Ignoring Torture

We know how the right-wing blogosphere did their best to turn away from, deny, ignore or minimize the introduction of torture as an interrogation technique by president Bush. We also know that John Kerry focus-grouped the issue and decided not to challenge the president on it once during the campaign. But Eric Umansky shows how the press played its part too. His full report is here. One of the more gripping nuggets is the New York Times breaking the story of the premeditated military torture-murder of an Afghan detainee, by hanging him from a cell ceiling and beating his legs until, according to a military medical examiner, they had "basically been pulpified." The NYT had the Carlotta Gall story first. Foreign editor Roger Cohen lobbied frantically for it to be on Page One, but it ended up buried in the paper. This was long before Abu Ghraib and showed that the torture policy long predated that scandal - and caused it. Money quote:

Carlotta's piece was 'the real deal,' he told me. 'It referred to a homicide. Detainees had been killed in custody. I mean, you can’t get much clearer than that. I pitched it, I don't know, four times at page-one meetings, with increasing urgency and frustration. I laid awake at night over this story.

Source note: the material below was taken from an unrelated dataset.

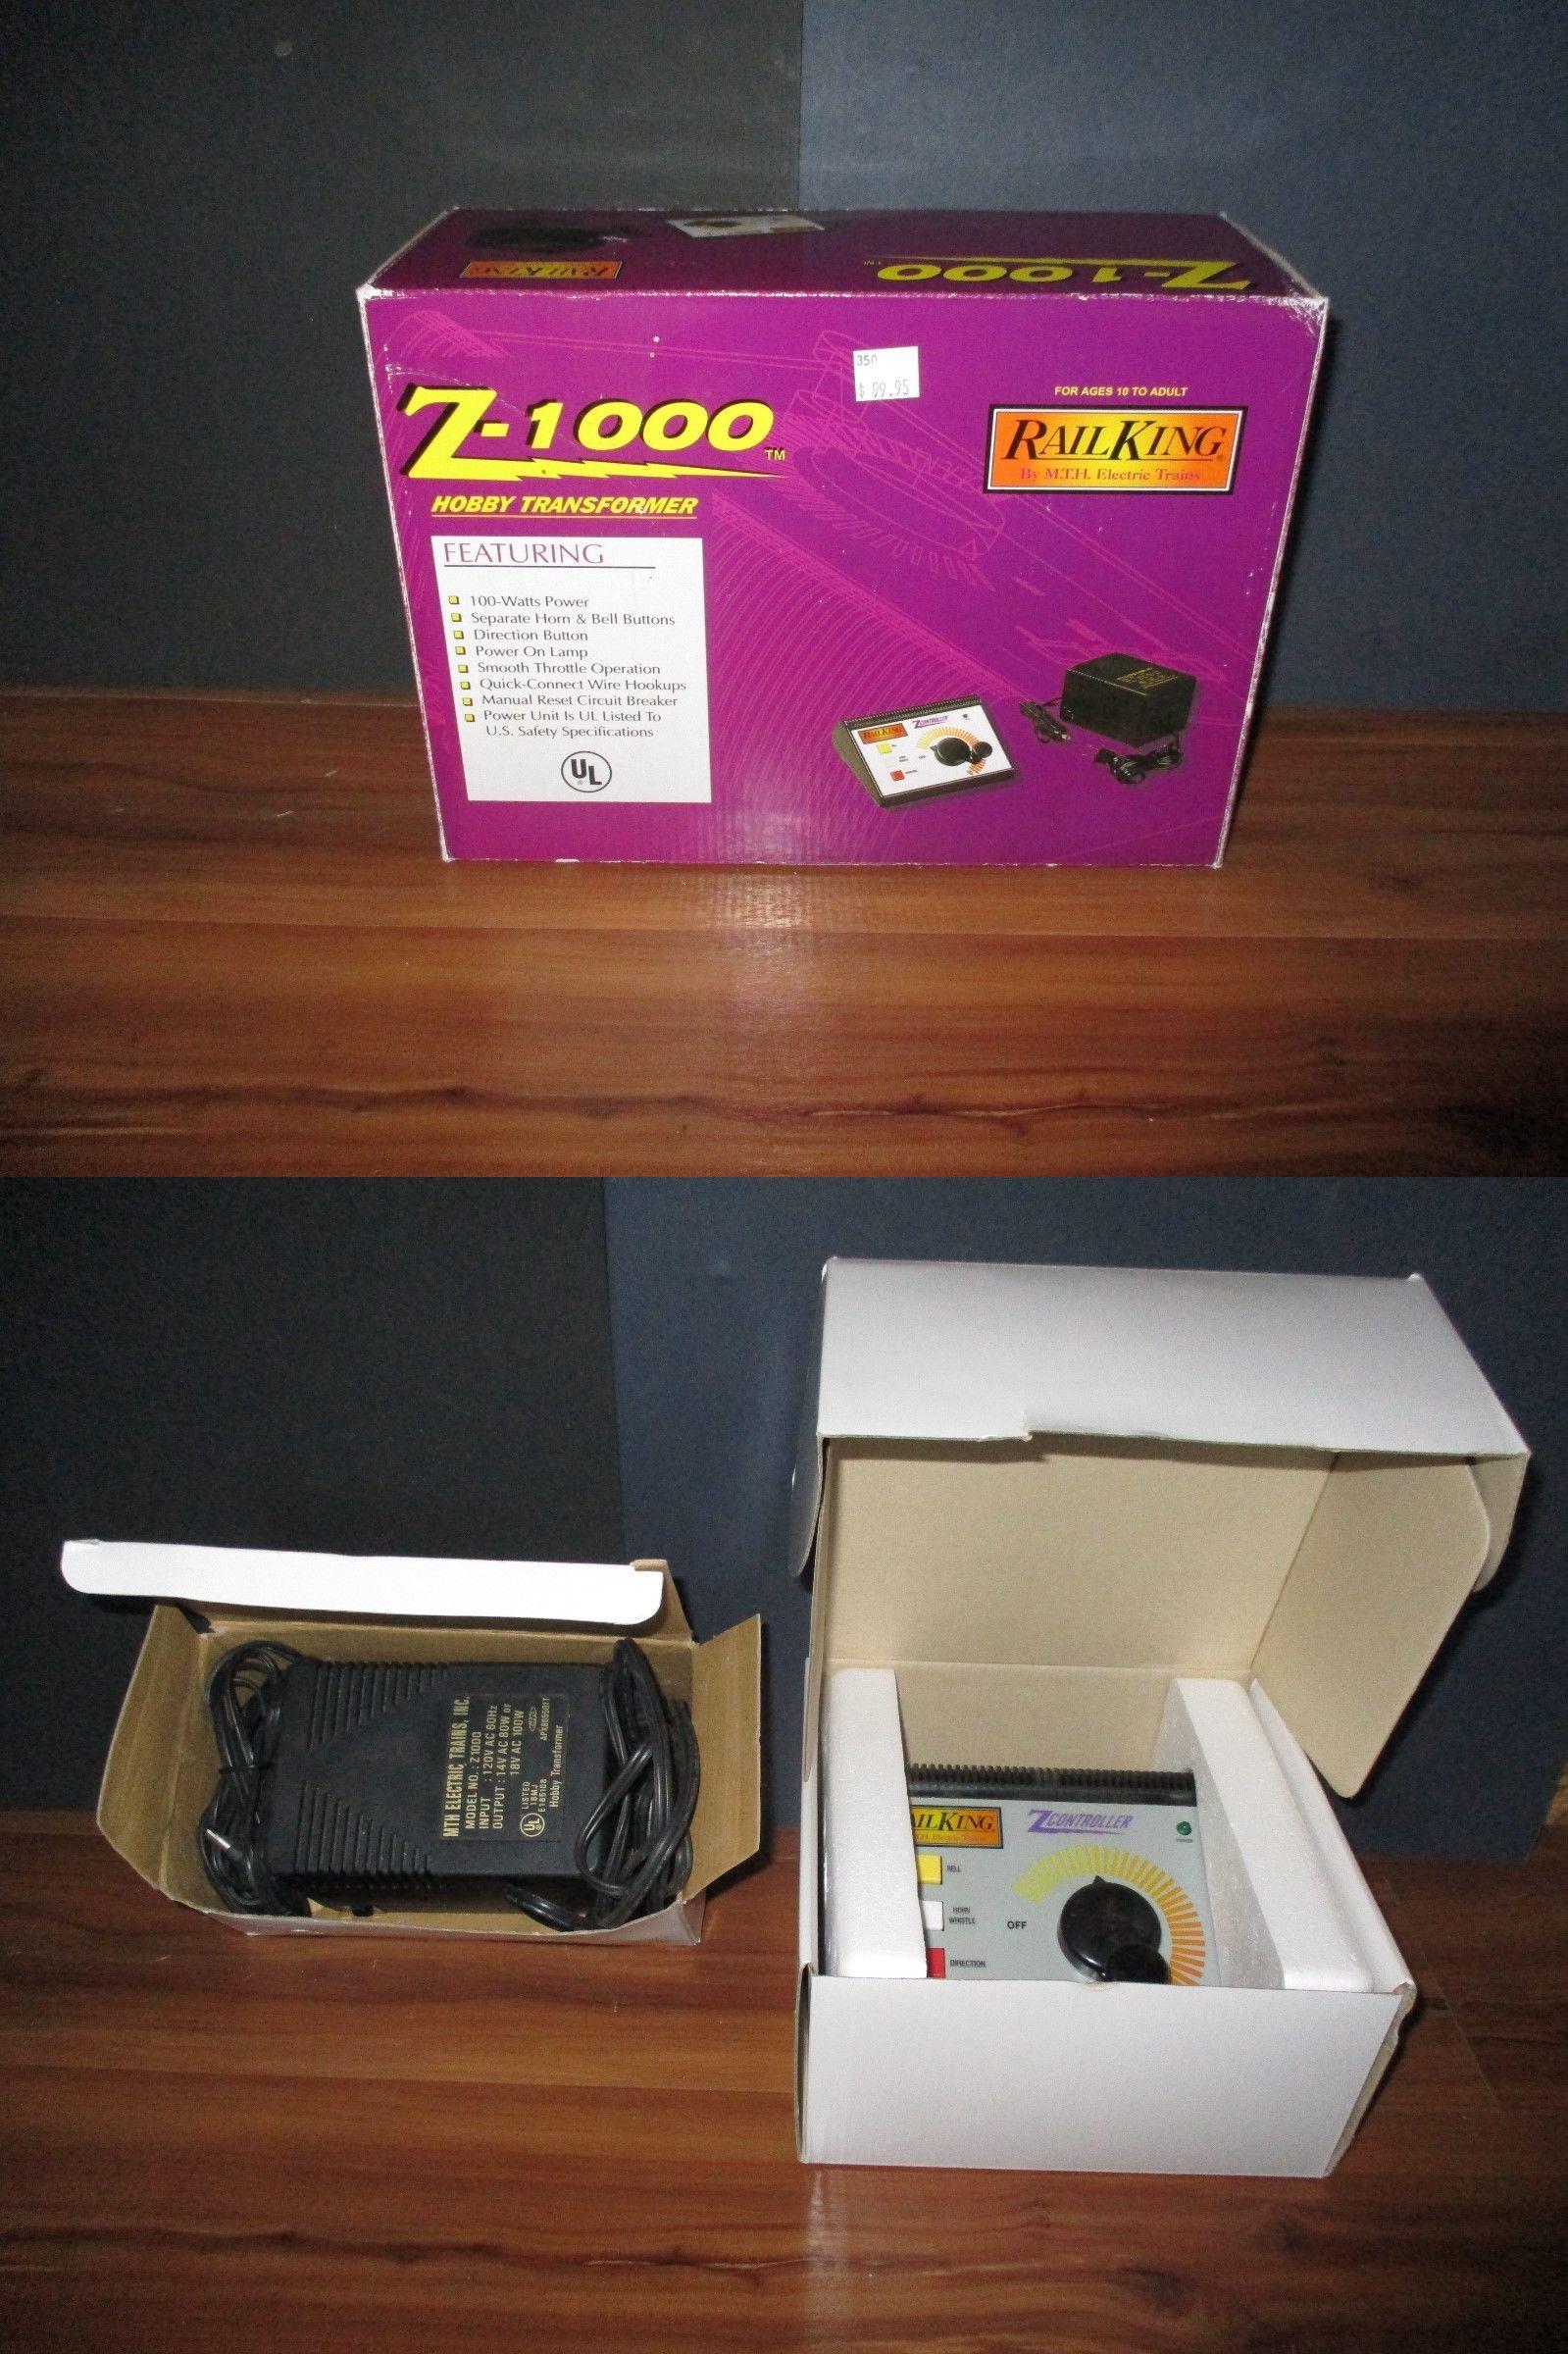 Transformers 180344 Rail King Z 1000 Transformer Item 40 Circuit Breaker Labels Ebay Transformerskingebay

And I don't fully understand to this day what happened. It was a really scarring thing. My single greatest frustration as foreign editor was my inability to get that story on page one.'

Fear and denial. It is indeed hard to believe that a president could have set in train a policy that would end in U.S. troops believing they could treat any captives like animals. But those were the limits they were operating under. And the man responsible is still president, his torture-implementer, Don Rumsfeld, is still secretary of defense, and the man who helped provide the legal cover is now attorney-general.